Authors: F. Peter, C. G. Boeriu, L. N. Corîci, A. E. Frissen, D -J. Van Zoelen, I. F. Eggen, C. M. Davidescu

Abstract:

Two commercial proteases from Bacillus licheniformis (Alcalase 2.4 L FG and Alcalase 2.5 L, Type DX) were screened for the production of Z-Ala-Phe-NH2 in batch reaction. Alcalase 2.4 L FG was the most efficient enzyme for the C-terminal amidation of Z-Ala-Phe-OMe using ammonium carbamate as ammonium source. Immobilization of protease has been achieved by the sol-gel method, using dimethyldimethoxysilane (DMDMOS) and tetramethoxysilane (TMOS) as precursors (unpublished results). In batch production, about 95% of Z-Ala-Phe-NH2 was obtained at 30°C after 24 hours of incubation.
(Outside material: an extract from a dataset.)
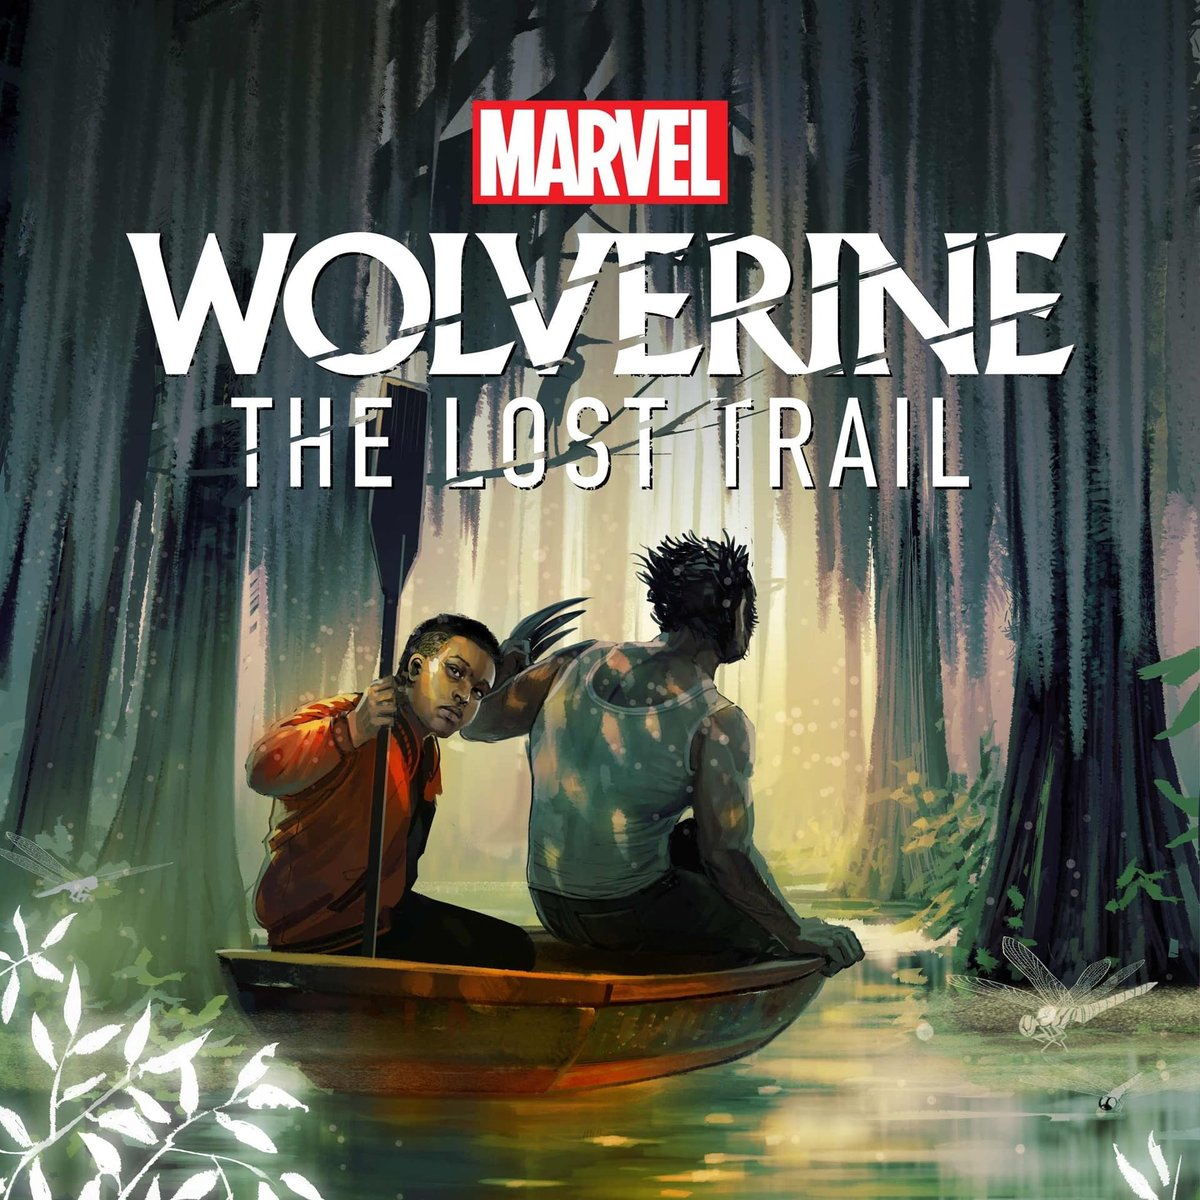 Wolverine: The Lost Trail art, Wolverine and another mutant in a boat within a swamp.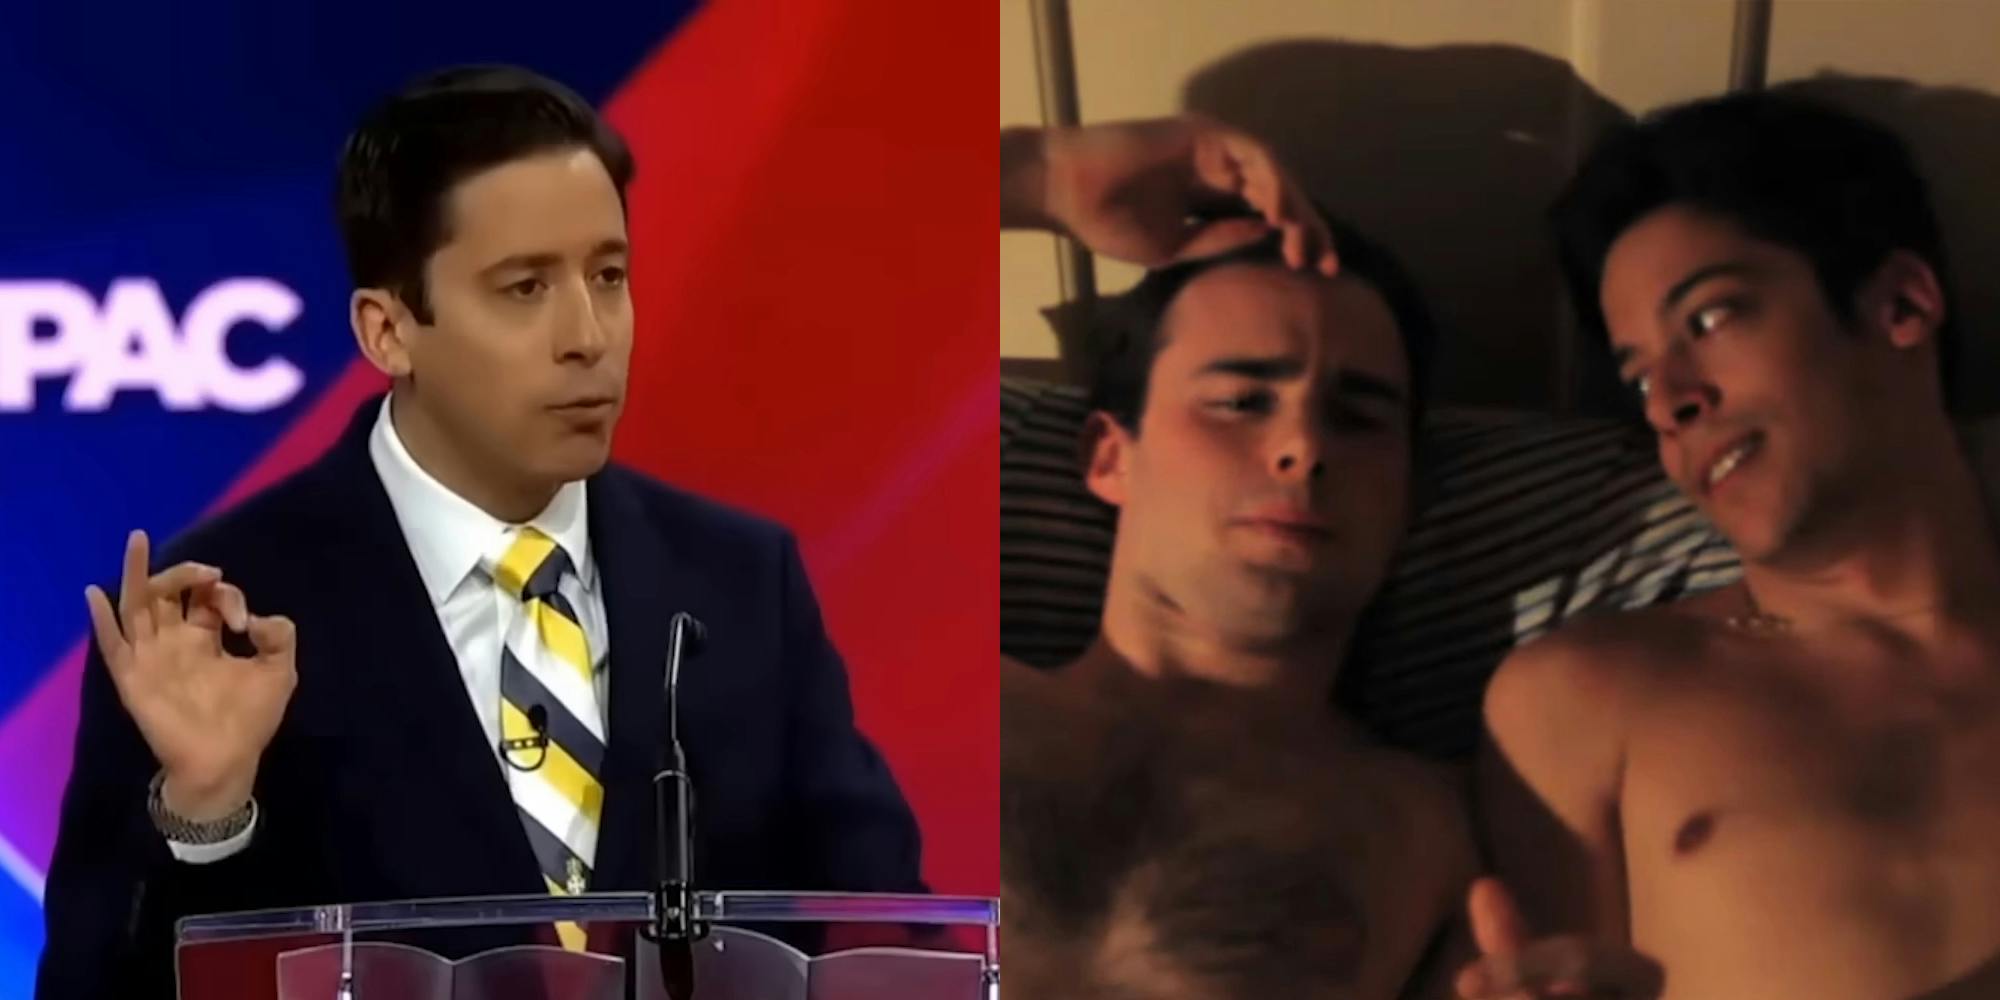 michael knowles at CPAC saying "Transgenderism must be eradicated" (l) michael knowles shirtless in bed with a man (r)

Reproducibility of different batches of commercial Alcalase 2.4 L FG preparations was also investigated by evaluating the amidation activity and the entrapment yields in the case of immobilization. A packed-bed reactor (0.68 cm ID, 15.0 cm long) was operated successfully for the continuous synthesis of peptide amides. The immobilized enzyme retained the initial activity over 10 cycles of repeated use in continuous reactor at ambient temperature. At 0.75 mL/min flow rate of the substrate mixture, the total conversion of Z-Ala-Phe-OMe was achieved after 5 hours of substrate recycling. The product contained about 90% peptide amide and 10% hydrolysis byproduct.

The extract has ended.